Lee Joohwi, Kim Sun Hyung, Oguz Ipek, Styner Martin
University of North Carolina at Chapel Hill, Department of Computer Science, United States.
University of North Carolina at Chapel Hill, Department of Psychiatry, United States.
Proc SPIE Int Soc Opt Eng. 2016 Feb 27;9784. doi: 10.1117/12.2216420. Epub 2016 Mar 21.
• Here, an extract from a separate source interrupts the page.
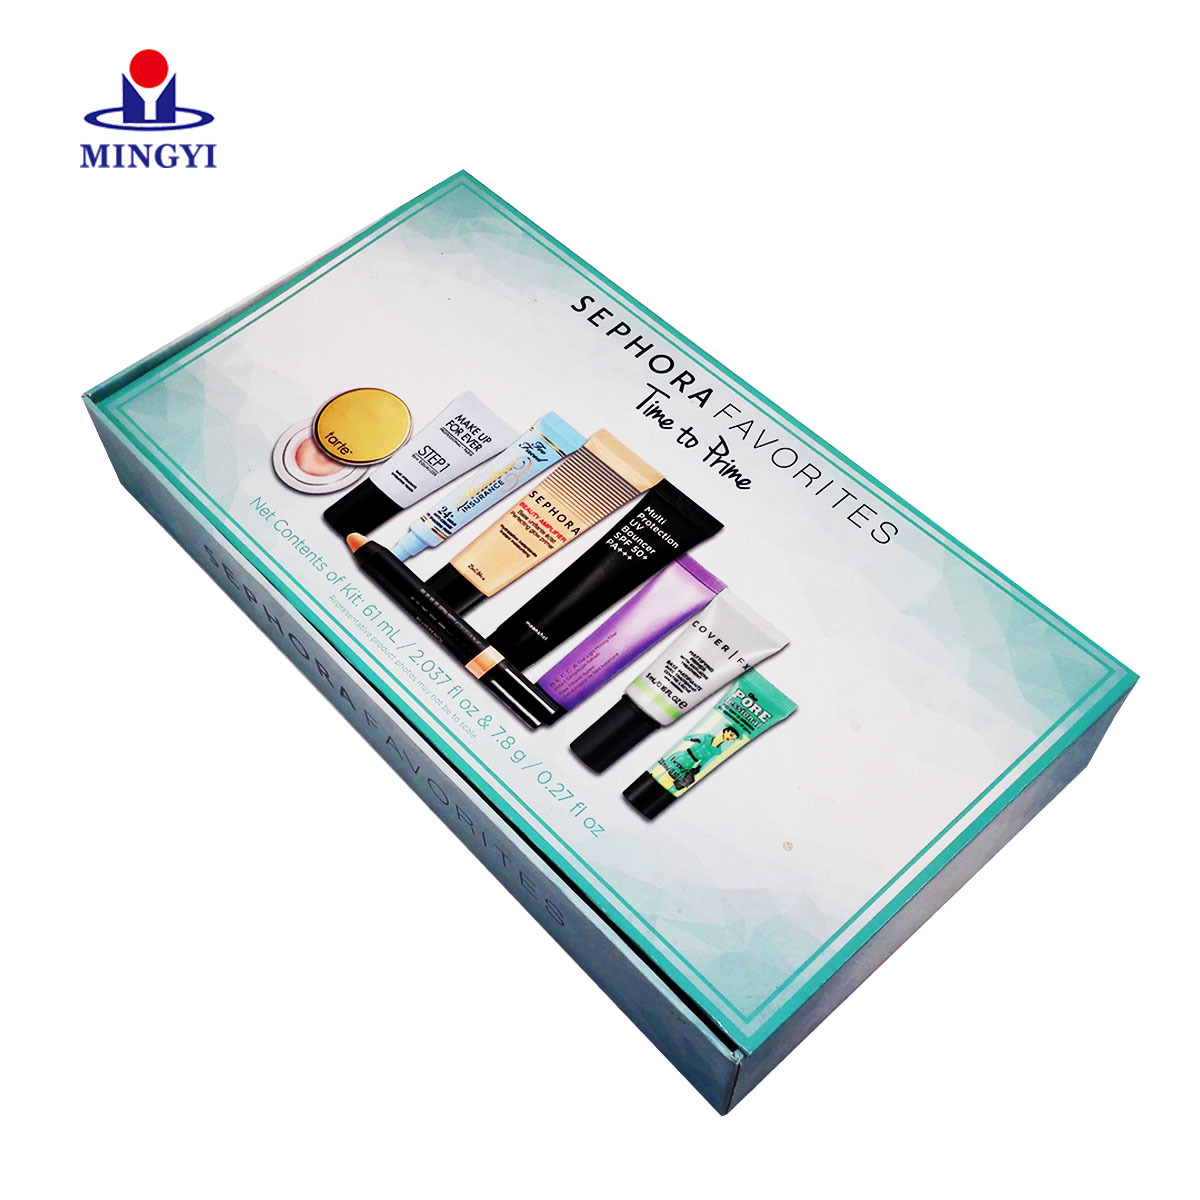 products watch gift box watch Mingyi Printing company

The cortical thickness of the mammalian brain is an important morphological characteristic that can be used to investigate and observe the brain's developmental changes that might be caused by biologically toxic substances such as ethanol or cocaine. Although various cortical thickness analysis methods have been proposed that are applicable for human brain and have developed into well-validated open-source software packages, cortical thickness analysis methods for rodent brains have not yet become as robust and accurate as those designed for human brains. Based on a previously proposed cortical thickness measurement pipeline for rodent brain analysis, we present an enhanced cortical thickness pipeline in terms of accuracy and anatomical consistency. First, we propose a Lagrangian-based computational approach in the thickness measurement step in order to minimize local truncation error using the fourth-order Runge-Kutta method. Second, by constructing a line object for each streamline of the thickness measurement, we can visualize the way the thickness is measured and achieve sub-voxel accuracy by performing geometric post-processing. Last, with emphasis on the importance of an anatomically consistent partial differential equation (PDE) boundary map, we propose an automatic PDE boundary map generation algorithm that is specific to rodent brain anatomy, which does not require manual labeling. The results show that the proposed cortical thickness pipeline can produce statistically significant regions that are not observed in the the previous cortical thickness analysis pipeline.
哺乳动物大脑的皮质厚度是一个重要的形态学特征,可用于研究和观察大脑可能因乙醇或可卡因等生物毒性物质而发生的发育变化。尽管已经提出了各种适用于人类大脑的皮质厚度分析方法,并已发展成为经过充分验证的开源软件包,但用于啮齿动物大脑的皮质厚度分析方法尚未像针对人类大脑设计的方法那样强大和准确。基于先前提出的用于啮齿动物大脑分析的皮质厚度测量流程,我们在准确性和解剖一致性方面提出了一种增强的皮质厚度流程。首先,我们在厚度测量步骤中提出一种基于拉格朗日的计算方法,以便使用四阶龙格 - 库塔方法最小化局部截断误差。其次,通过为厚度测量的每条流线构建一个线对象,我们可以可视化厚度测量的方式,并通过执行几何后处理实现亚体素精度。最后,强调解剖学上一致的偏微分方程(PDE)边界图的重要性,我们提出了一种特定于啮齿动物大脑解剖结构的自动PDE边界图生成算法,该算法不需要手动标记。结果表明,所提出的皮质厚度流程可以产生在前一个皮质厚度分析流程中未观察到的具有统计学意义的区域。